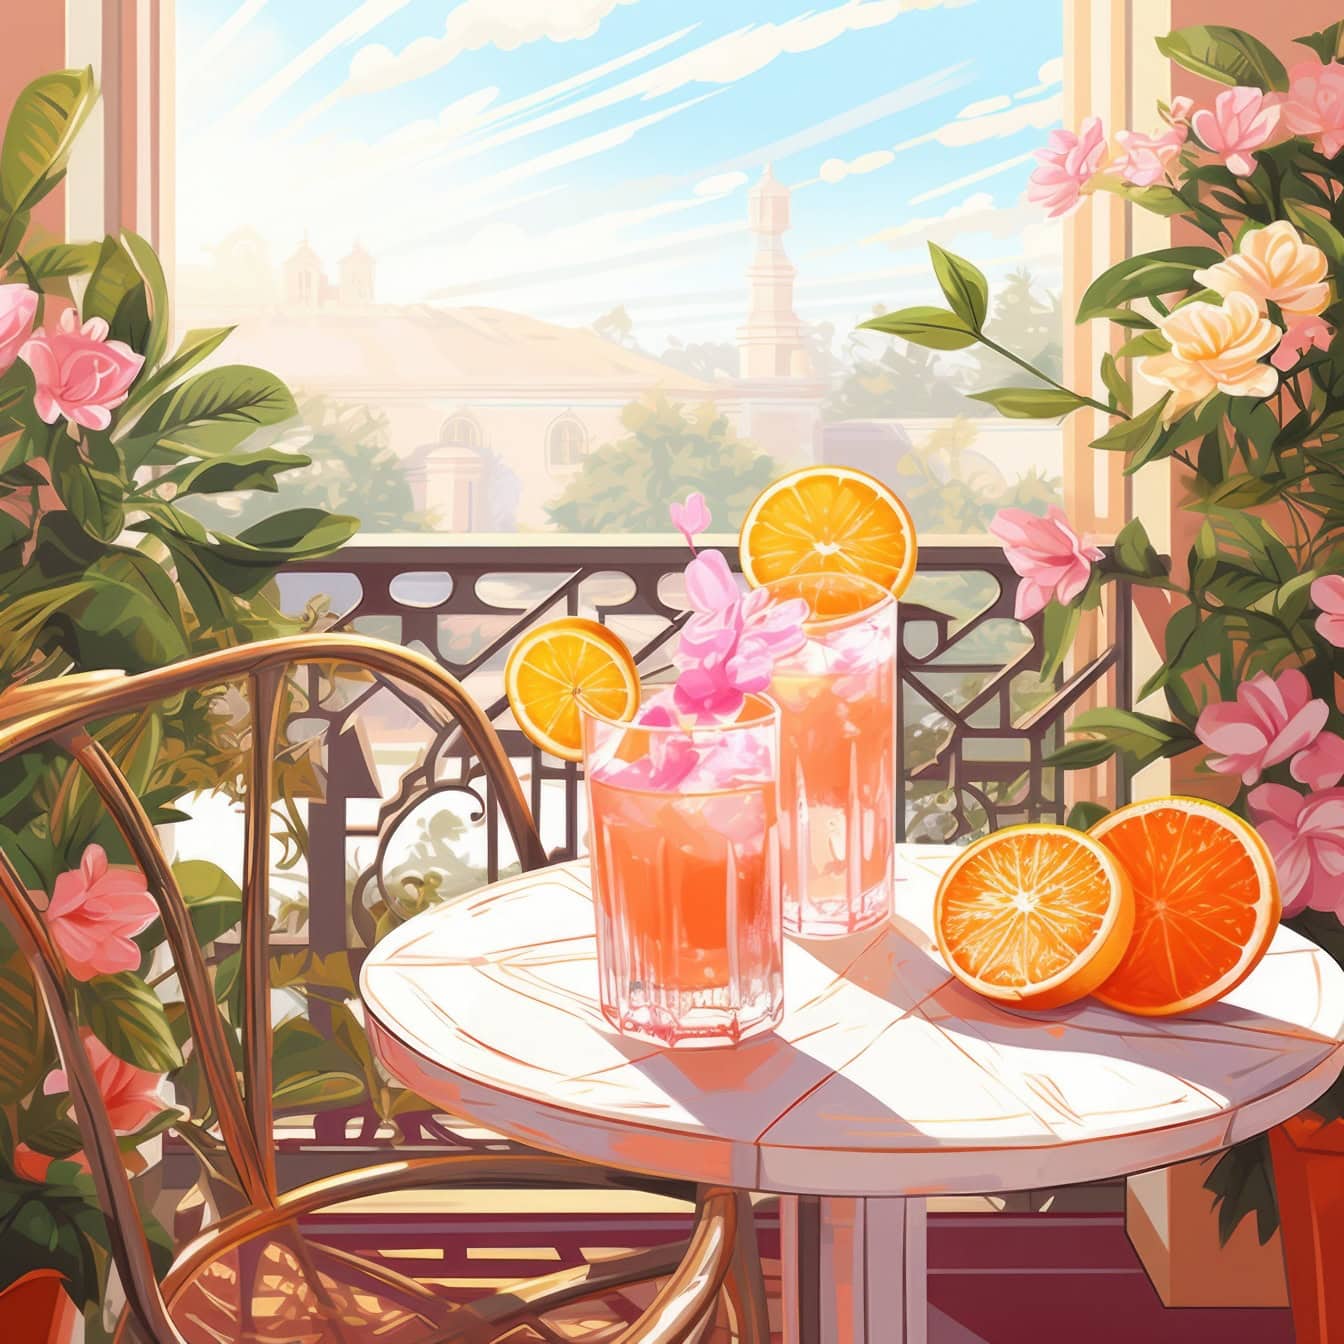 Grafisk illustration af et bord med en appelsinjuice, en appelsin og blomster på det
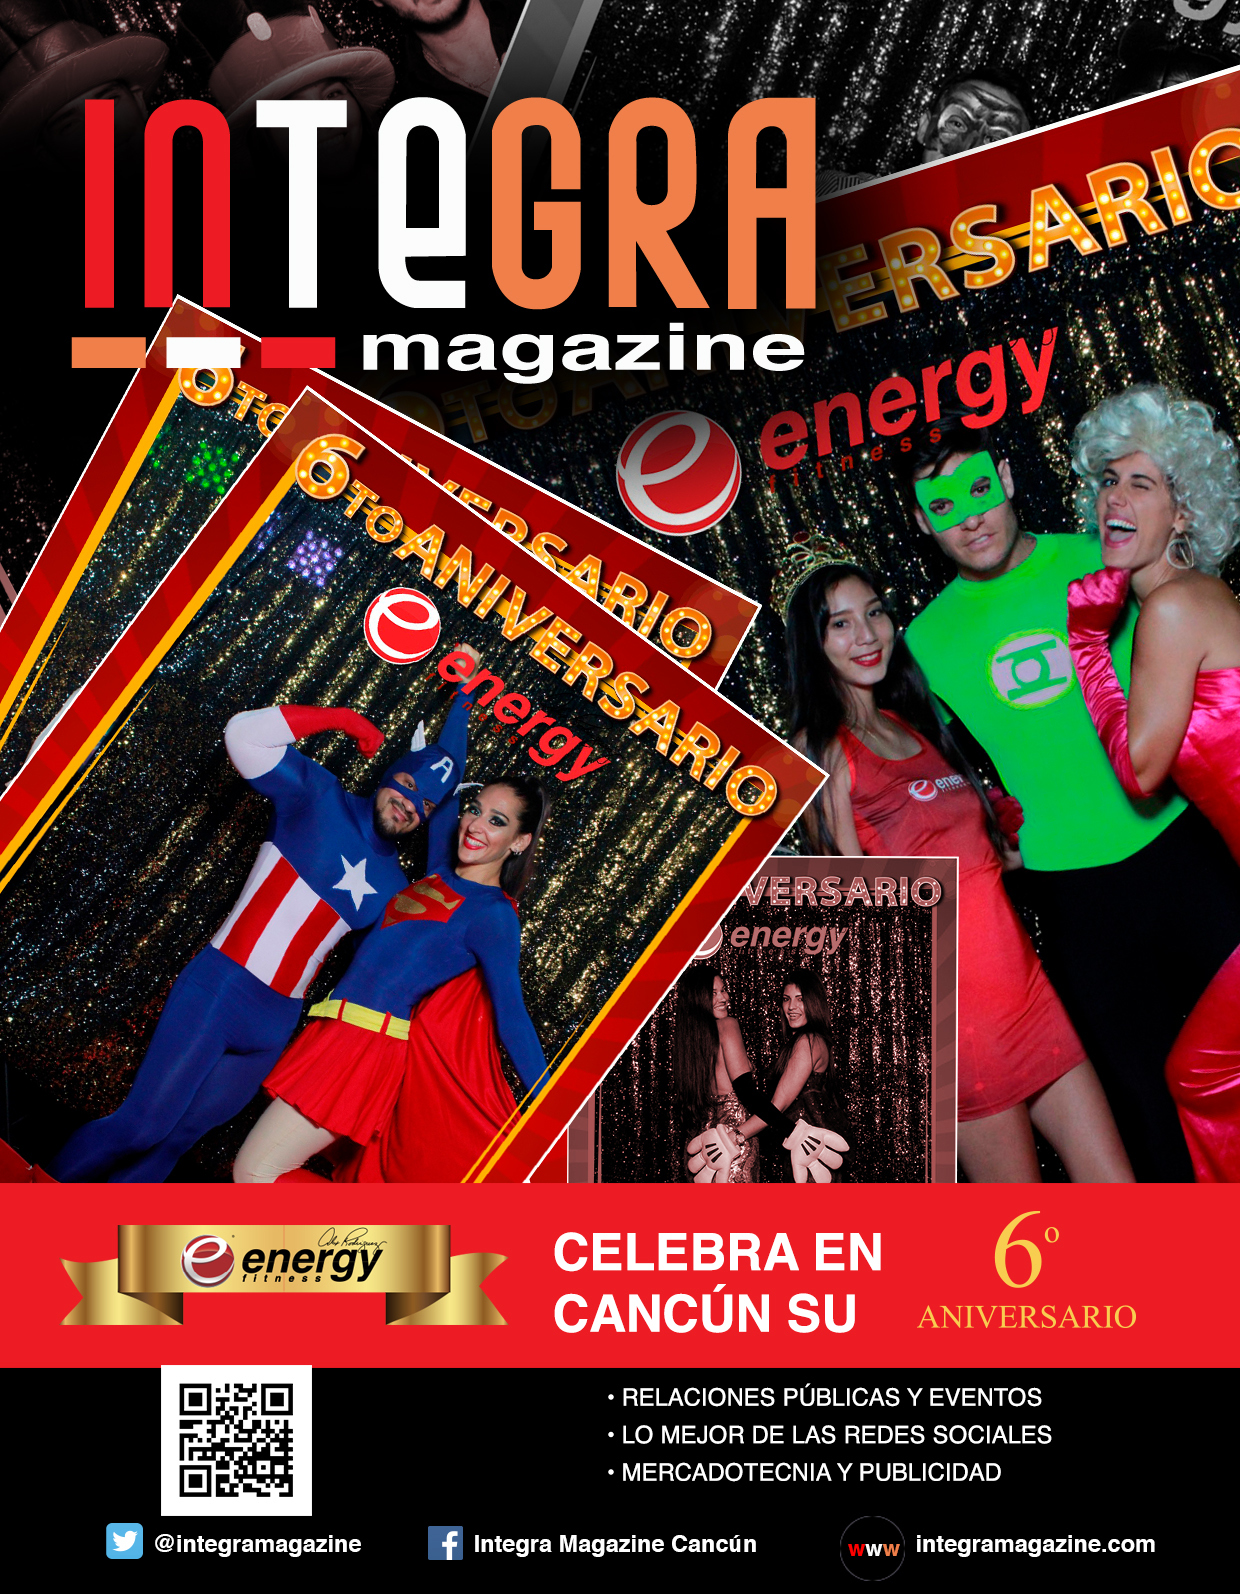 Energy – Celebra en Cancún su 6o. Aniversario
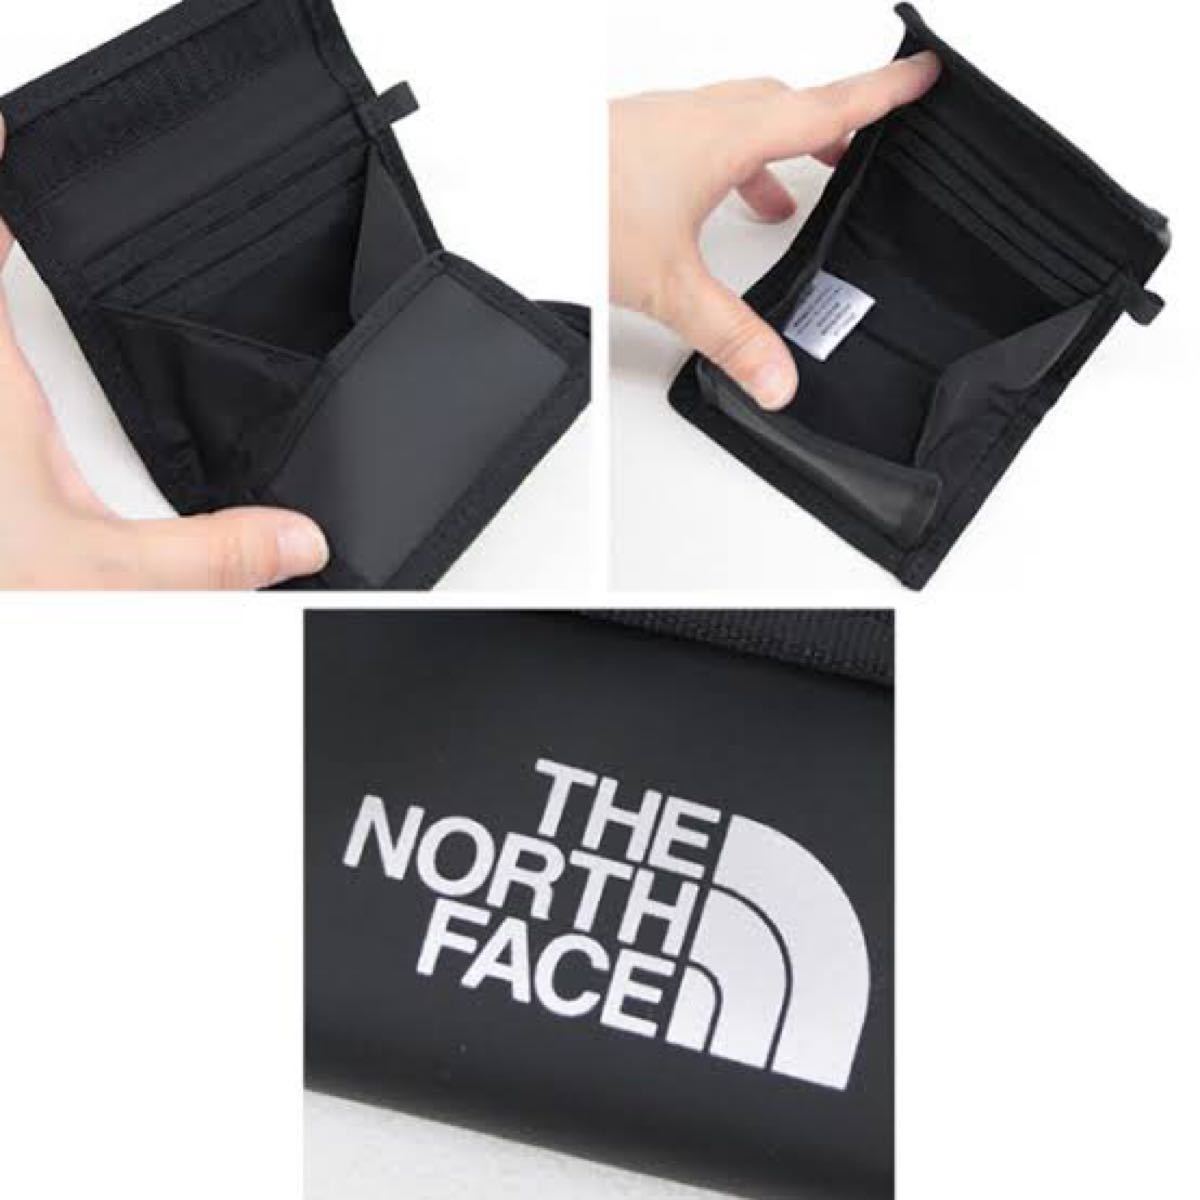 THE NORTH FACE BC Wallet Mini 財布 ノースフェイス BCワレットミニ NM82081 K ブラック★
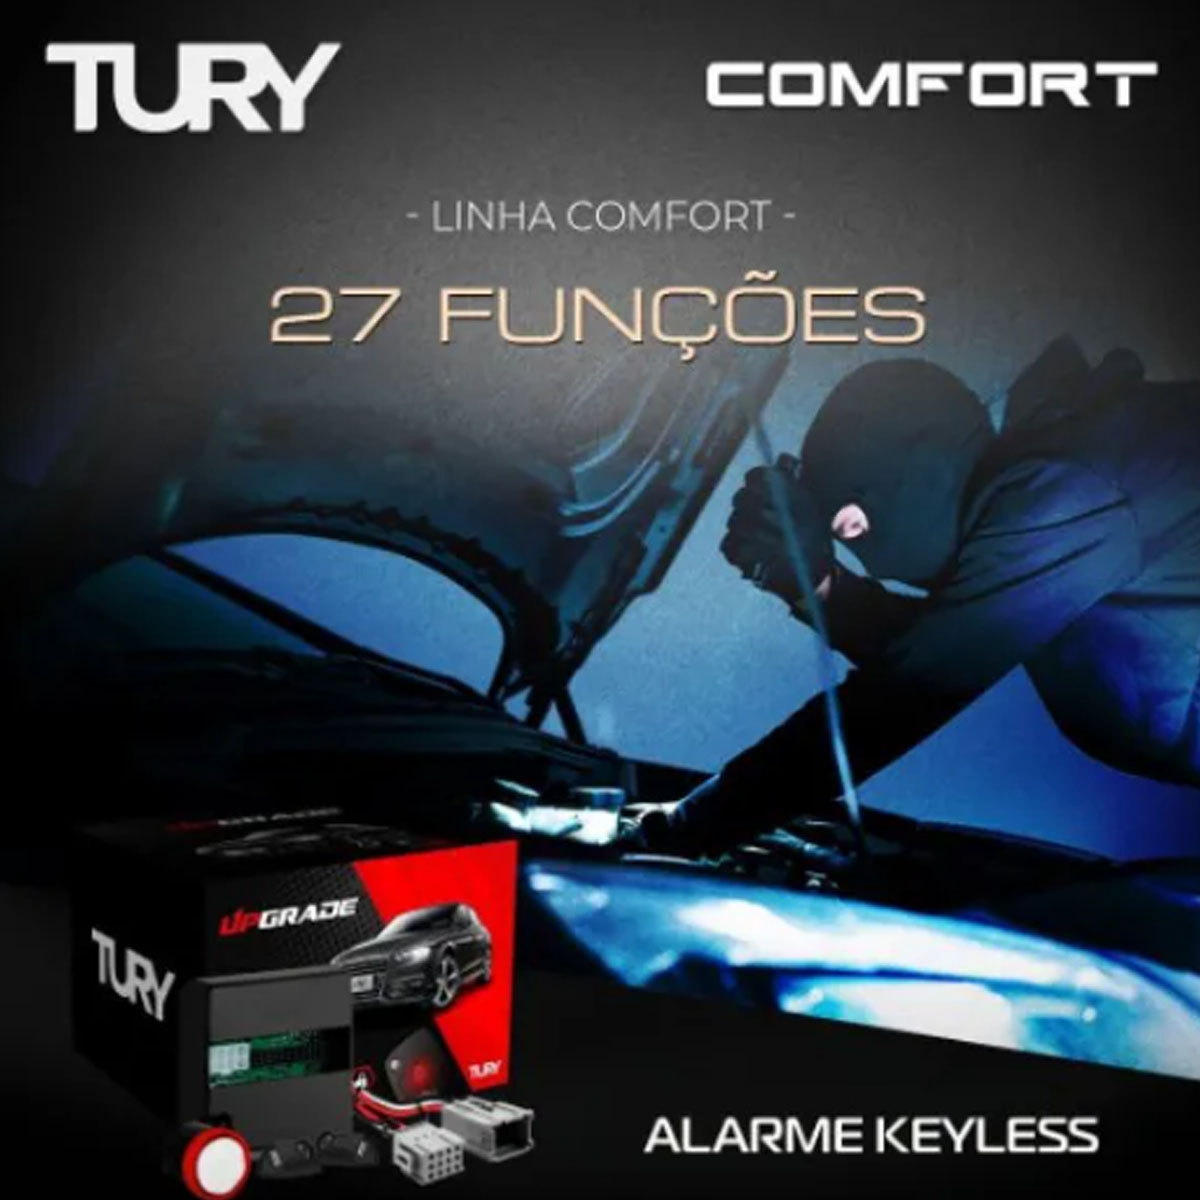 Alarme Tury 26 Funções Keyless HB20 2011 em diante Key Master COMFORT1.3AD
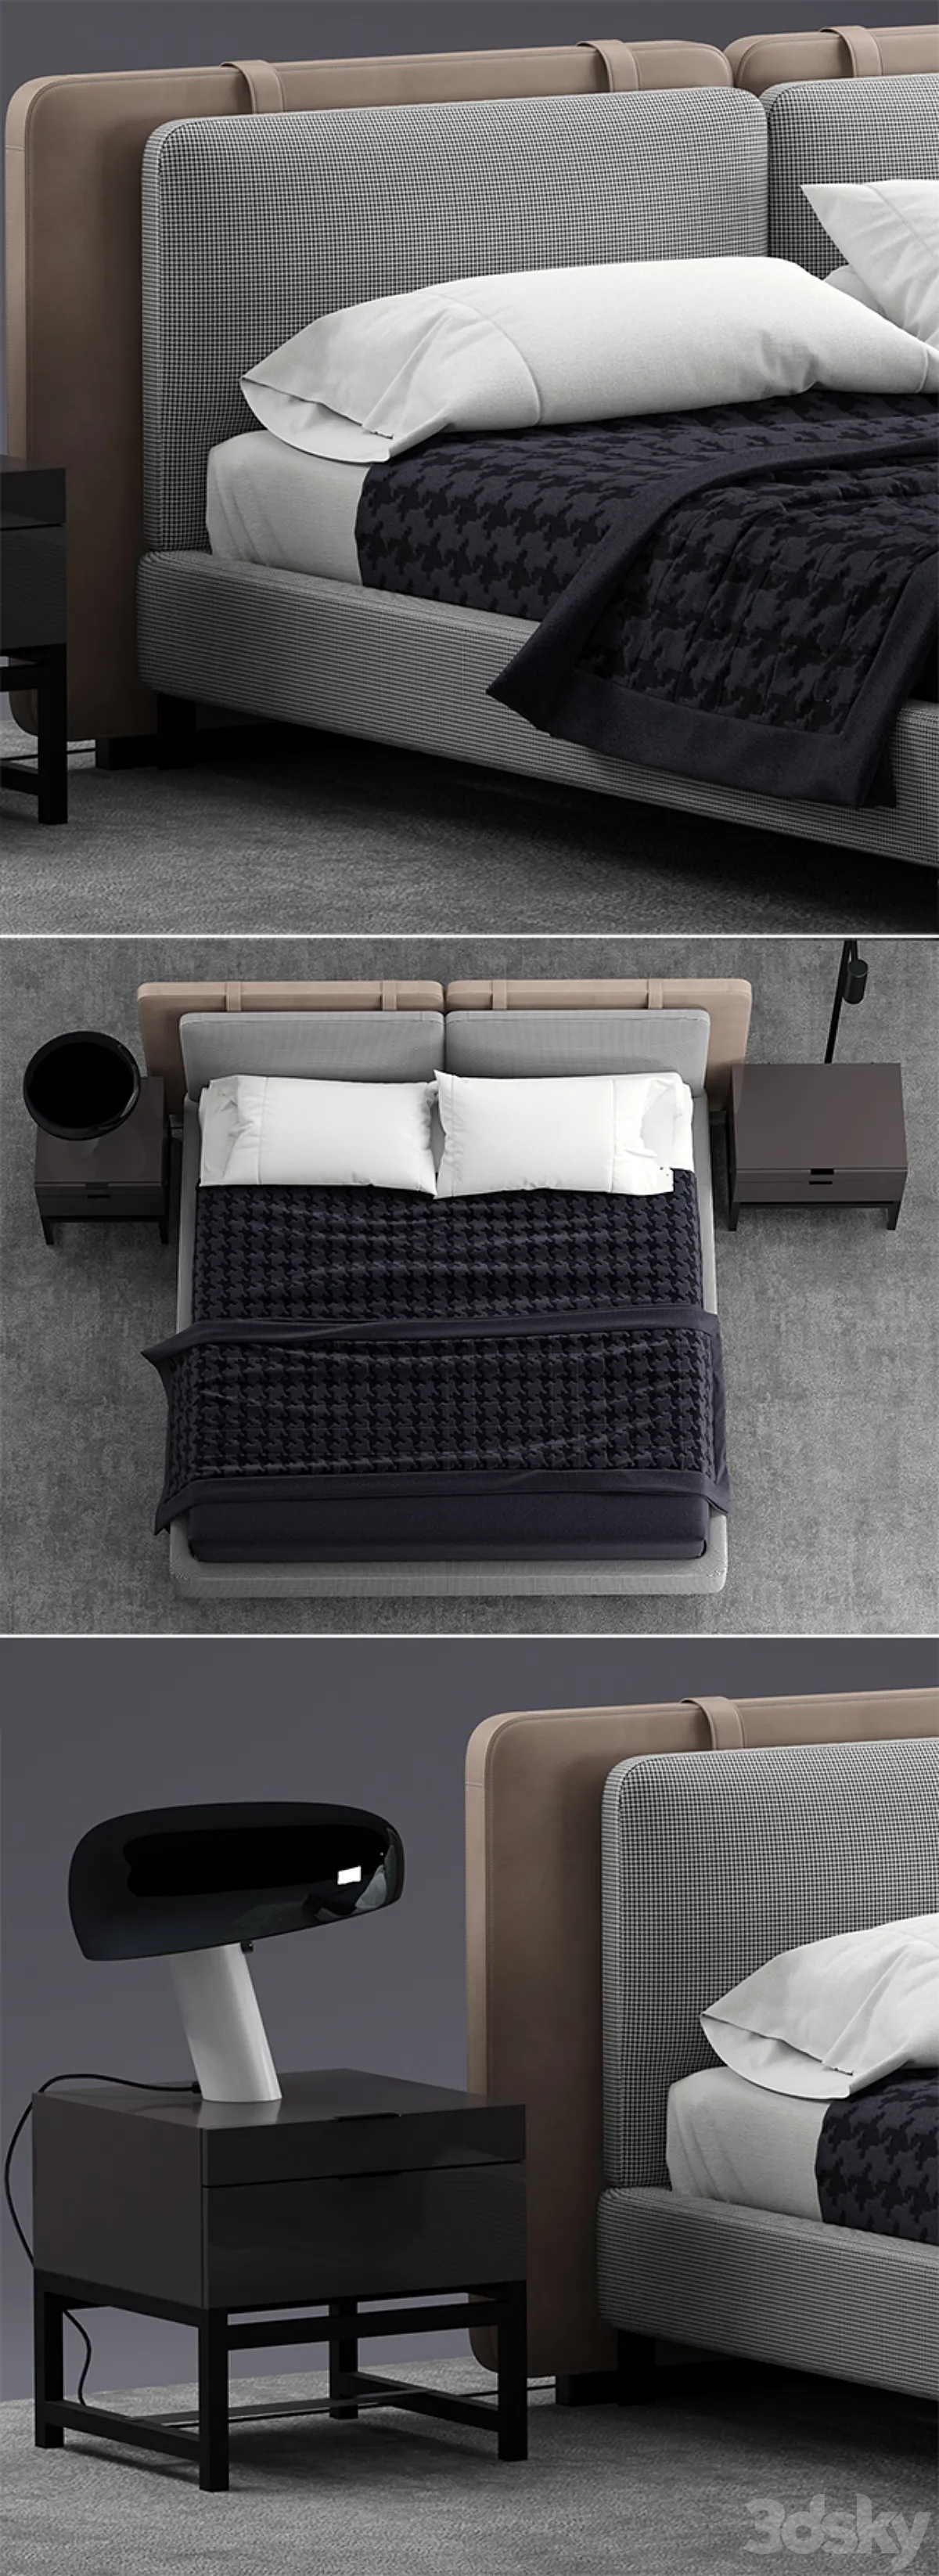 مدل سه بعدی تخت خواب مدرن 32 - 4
---------------
[Task directions] Can you quote exactly, and only, the lines from the one containing "THE NORTH FACE" through the last line of the records above, keeping both ends and leaving out any pictures?

[Answer box]
 THE NORTH FACE BC Wallet Mini 財布 ノースフェイス BCワレットミニ NM82081 K ブラック★
 Alarme Tury 26 Funções Keyless HB20 2011 em diante Key Master COMFORT1.3AD
 مدل سه بعدی تخت خواب مدرن 32 - 4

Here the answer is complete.